4.2 Continuous dynamic BAP (CDBAP)

Guan and Cheung (2004) propose two linear mixed integer programming formulations to minimize the total weighted flow time where the vessel processing time is assumed fixed. A lower bound for the problem was derived, and an optimal tree-search and composite heuristic are presented. Imai et al. (2005) propose a non-linear mixed integer programming formulation to minimize the total service and wait times for vessels. It is assumed that the handling time for the vessels increases proportionally to the distance between the berthing location and the best berthing location. The paper derives a lower bound and a heuristic solution. In their formulations, both Guan and Cheung (2004) and Imai et al. (2005) discretized the time and berth space. Ganji et al. (2010) performed minor modifications to the non-linear formulation from Imai et al. (2005) and proposed a GA-based heuristic to solve the problem. The GA heuristic found close to optimal solutions in small-sized instances with three vessels and was able to solve larger instances with 30 vessels in 6 min using a personal computer. The method was not compared to other proposed methods on the larger instances.

Chang et al. (2008) present two models to minimize the vessel handling time and cost, respectively, assuming a continuous berth with handling times that increase proportionally to the distance between the berthing location and the best berthing location as in Imai et al. (2005). The vessel draft is considered in the model, which can be easily done to most BAP formulations by adding two parameters (water depth of a berth and vessels’ draft) and one set of constraints. Unfortunately, their MIP formulations seem to have several typos in some indices (e.g., Eq. (1) and Eq. (15)) and key omissions such as not including Eq. (14) in their second model.
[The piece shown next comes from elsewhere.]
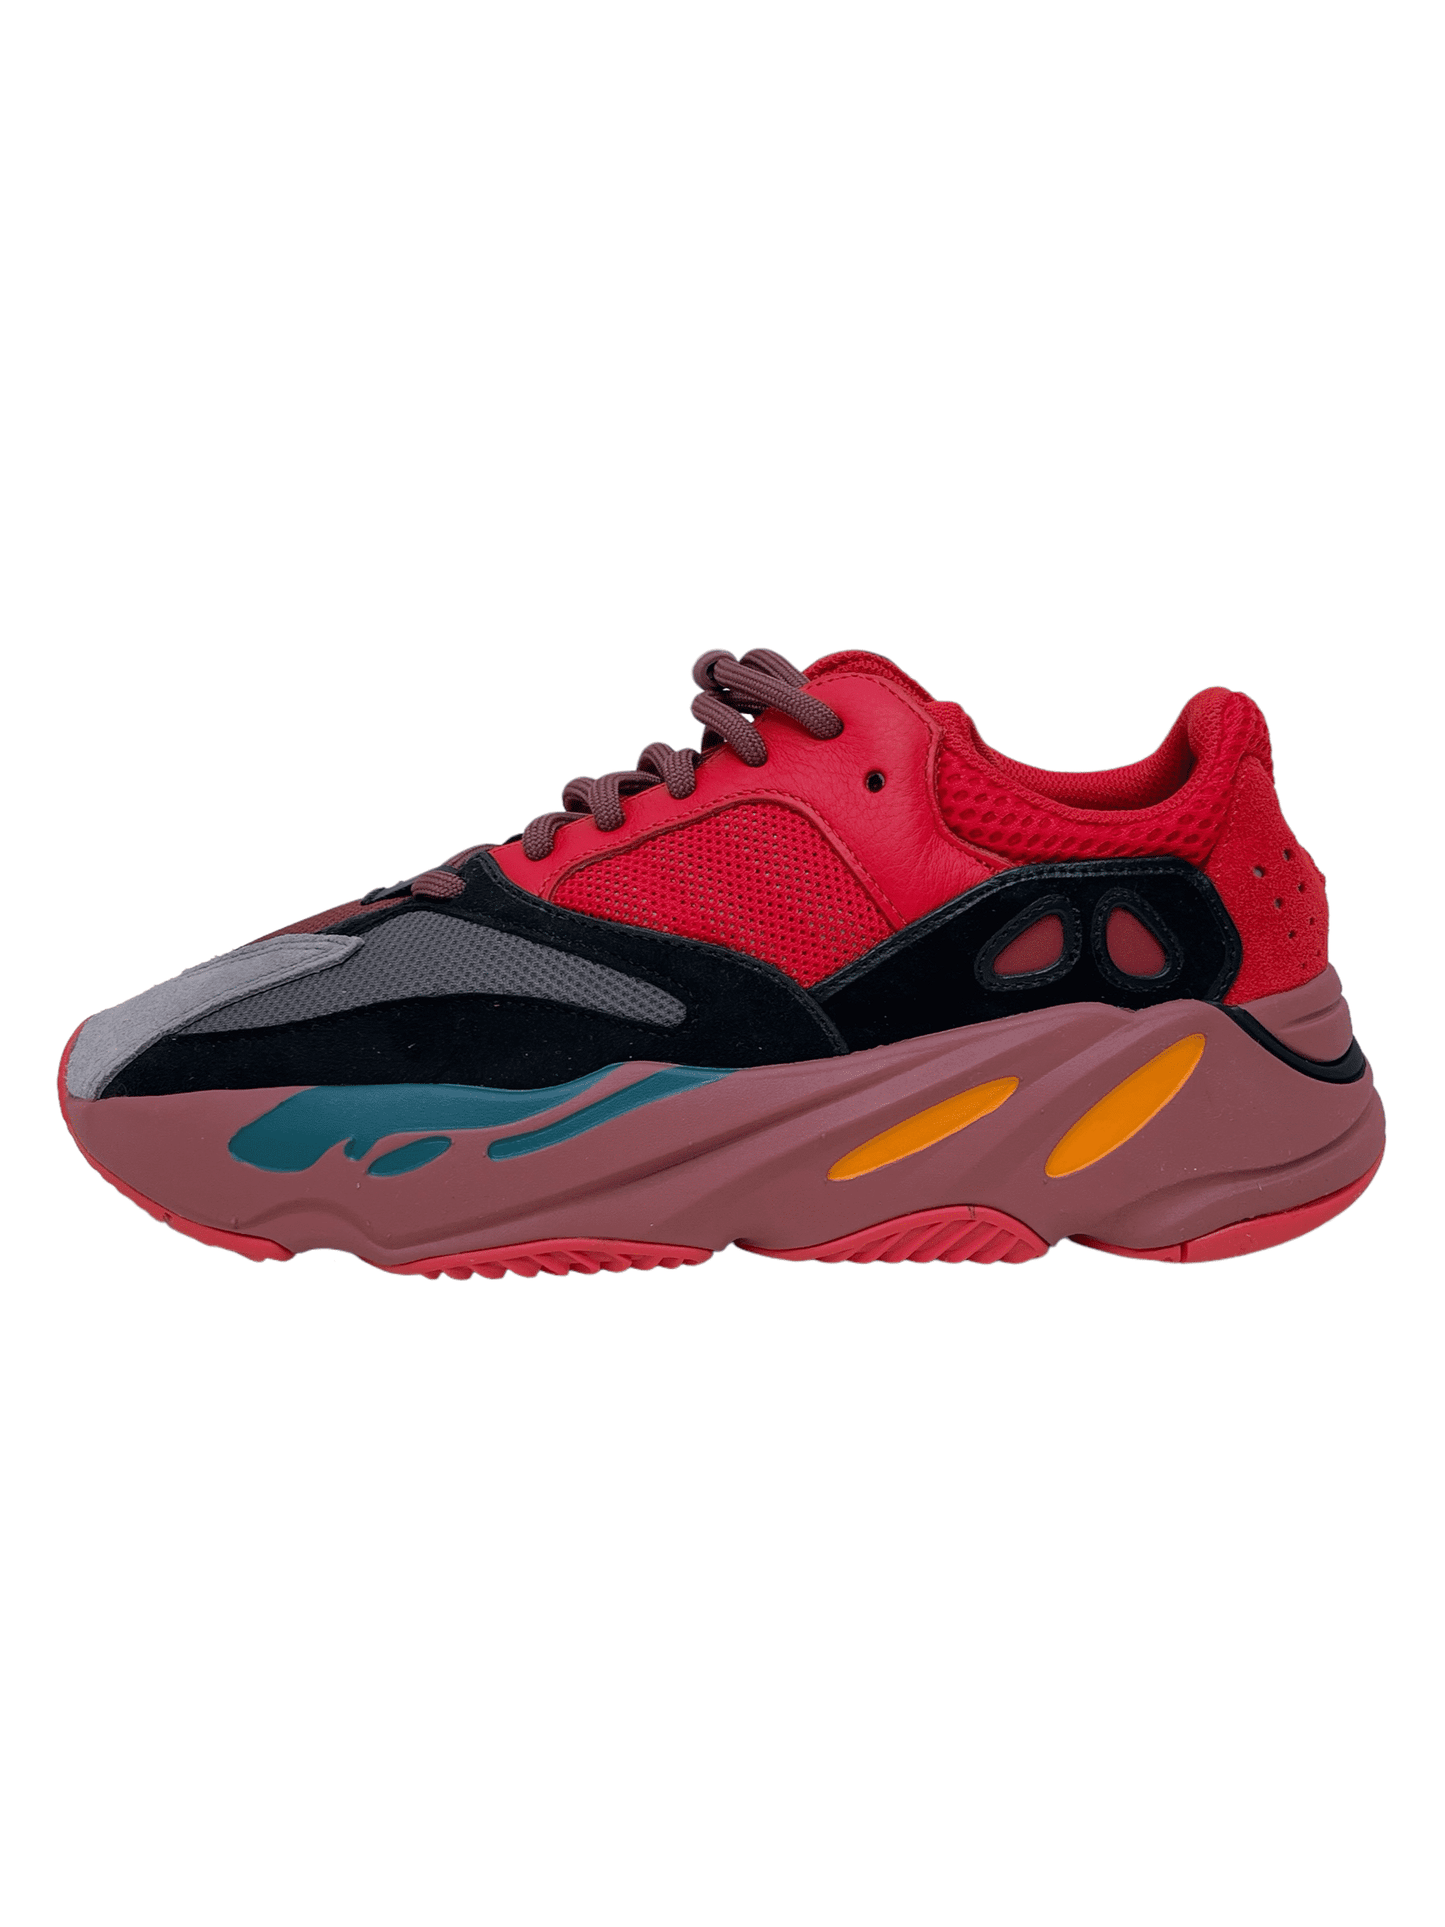 Adidas Yeezy 700 Hi-Res Red Sneakers - Genuine Design Luxury Consignment for Men. New & Pre-Owned Clothing, Shoes, & Accessories. Calgary, Canada

One constructive heuristics is presented for each objective function. The heuristics are compared using data from a container terminal in Shanghai to a real-time assignment strategy. This strategy assumes discrete berths, pre-defined berth assignment priority rules, and does not consider the storage location of containers. As expected, the proposed BAP (that does consider the storage location of containers) outperformed the rule of thumb strategy.

Wang and Lim (2007) present a non-linear mixed integer programming model (that can be easily linearized) and a stochastic beam search algorithm to minimize a combination of reallocation and delay costs. The proposed heuristic was tested using real data from Port of Singapore where it was able to solve problems with up to 400 vessels in less than an hour. Experimental results conclude that the proposed method outperformed a traditional beam search algorithm in terms of solution quality and the simulated annealing from an unpublished report that is claimed to be state-of-the-art in terms of solution time and quality. Lee et al. (2010) propose two Greedy Randomized Adaptive Search Procedures, GRASP_1 and GRASP_2, to minimize the total weighted flow time. For larger size instances with up to 200 vessels it was found that GRASP_1 statistically outperforms the stochastic beam search heuristic from Wang and Lim (2007) in terms of computational time and solution quality; whereas GRASP_2 found the best solutions among the three heuristics at the expense of longer runtimes.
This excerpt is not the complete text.